Vous dites : « C’est épuisant de s'occuper des enfants.» Vous avez raison. Vous ajoutez : « Parce que nous devons nous mettre à leur niveau. Nous baisser, nous pencher, nous courber, nous rapetisser. » Là, vous vous trompez. Ce n'est pas tant cela qui fatigue le plus, que le fait d'être obligé de nous élever jusqu'à la hauteur de leurs sentiments. De nous élever, nous étirer, nous mettre sur la pointe des pieds, nous tendre. Pour ne pas les blesser.

Janusz Korczak, Quand je redeviendrai petit (prologue), AFJK.

A propos de l’enfant-roi

A l'occasion de Noël et à propos de l'enfant-roi

Par Olivier Maurel

L'enfant-roi est le grand épouvantail que beaucoup de spécialistes de l'enfance agitent devant les parents qu'ils jugent laxistes.

Pourtant, un bon nombre d'exemples célèbres prêcheraient plutôt dans un autre sens.

Qu'auraient dit ces professionnels de l'enfance à un père qui aurait poussé le refus de frustrer son enfant jusqu'à le faire éveiller en musique pour ne pas brusquer son sommeil. Certainement : “Vous allez en faire un enfant-roi ! Et gare à la suite !”. La suite, c'est Michel de Montaigne, un des plus grands écrivains français, un de ceux qui ont exercé l'influence la plus humanisante sur les siècles suivants. Son père, effectivement, le faisait réveiller en musique.

Qu'auraient dit ces professionnels de l'enfance à un père qui, par amour pour son fils, cherchait à le protéger des duretés de la vie, à tel point que ce garçon dut attendre sa majorité pour être confronté à la maladie, à la vieillesse et à la mort ? “Vous allez en faire un enfant-roi ! Et gare à la suite !” La suite, c'est Bouddha, fondateur d'une religion non-violente.

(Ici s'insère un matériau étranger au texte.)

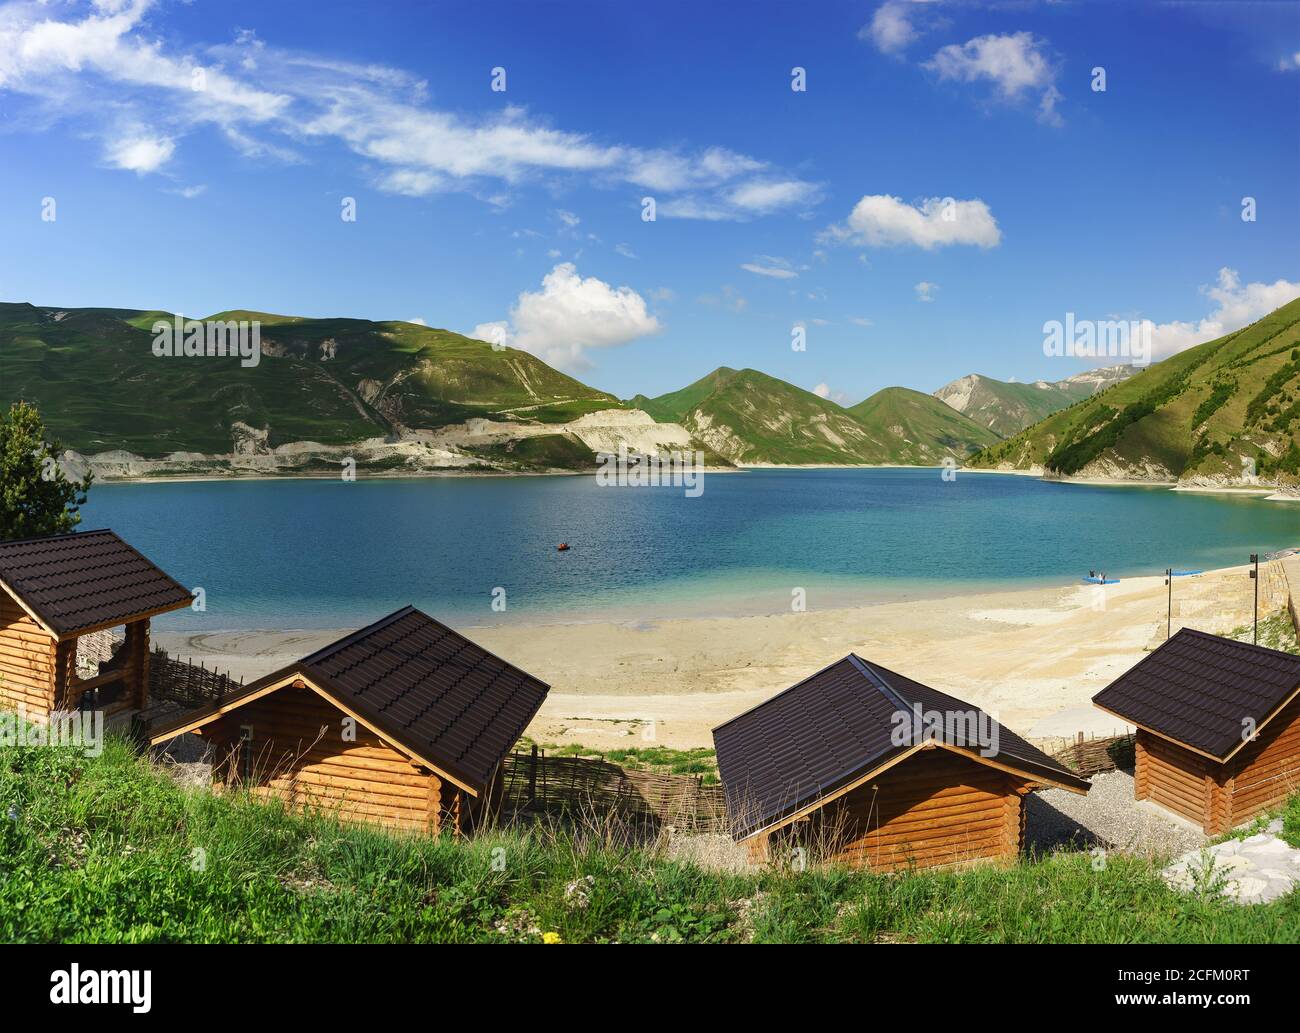 Vedensky district, Chechen Republic, Russia - June 01, 2019: Gazebos for rest on the shore of the high-mountain lake Kezenoi Am. Weekend in early summ Stock Photo

Qu'auraient dit ces professionnels de l'enfance à des parents qui, depuis la naissance de leur fils, l'ont entouré des soins les plus attentifs parce que des rêves et des visions les avaient persuadés qu'il était exceptionnel. Ils étaient si laxistes que lorsque leur fils, au cours d'un voyage, disparut pendant trois jours sans les prévenir pour rester à discuter dans un temple, au lieu de lui flanquer une bonne raclée, ils lui ont dit qu'ils avaient été très angoissés et lui ont simplement demandé pourquoi il avait fait ça. Et même s'ils n'ont pas compris sa réponse, ils ne l'ont puni d'aucune manière. “Gare à la suite !” auraient très certainement menacé ces professionnels de l'enfance, “vous allez en faire un enfant-roi !” La suite ? C'est Jésus qui a prêché l'amour toute sa vie.

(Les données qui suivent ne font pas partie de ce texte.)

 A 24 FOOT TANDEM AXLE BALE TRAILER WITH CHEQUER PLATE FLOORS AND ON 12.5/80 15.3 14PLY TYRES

Qu'auraient dit enfin ces sourcilleux professionnels de l'enfance à ces centaines de parents du début du XXe siècle qui aimaient tellement leurs enfants qu'ils leur faisaient confiance, se contentaient de leur enseigner par l'exemple les valeurs auxquelles ils croyaient et ne manifestaient envers eux ni autoritarisme ni répression ? “Gare à la suite”, auraient-ils dit sans doute. La suite ? Ce sont les Justes qui, pendant l'occupation allemande, ont risqué leur vie pour sauver des centaines de Juifs persécutés. Quatre cents d'entre eux, interrogés sur leur éducation, ont répondu en majorité qu'ils avaient des parents affectueux, qui leur avaient enseigné l'altruisme, qui leur faisaient confiance et qui leur ont donné une éducation non autoritaire et non répressive.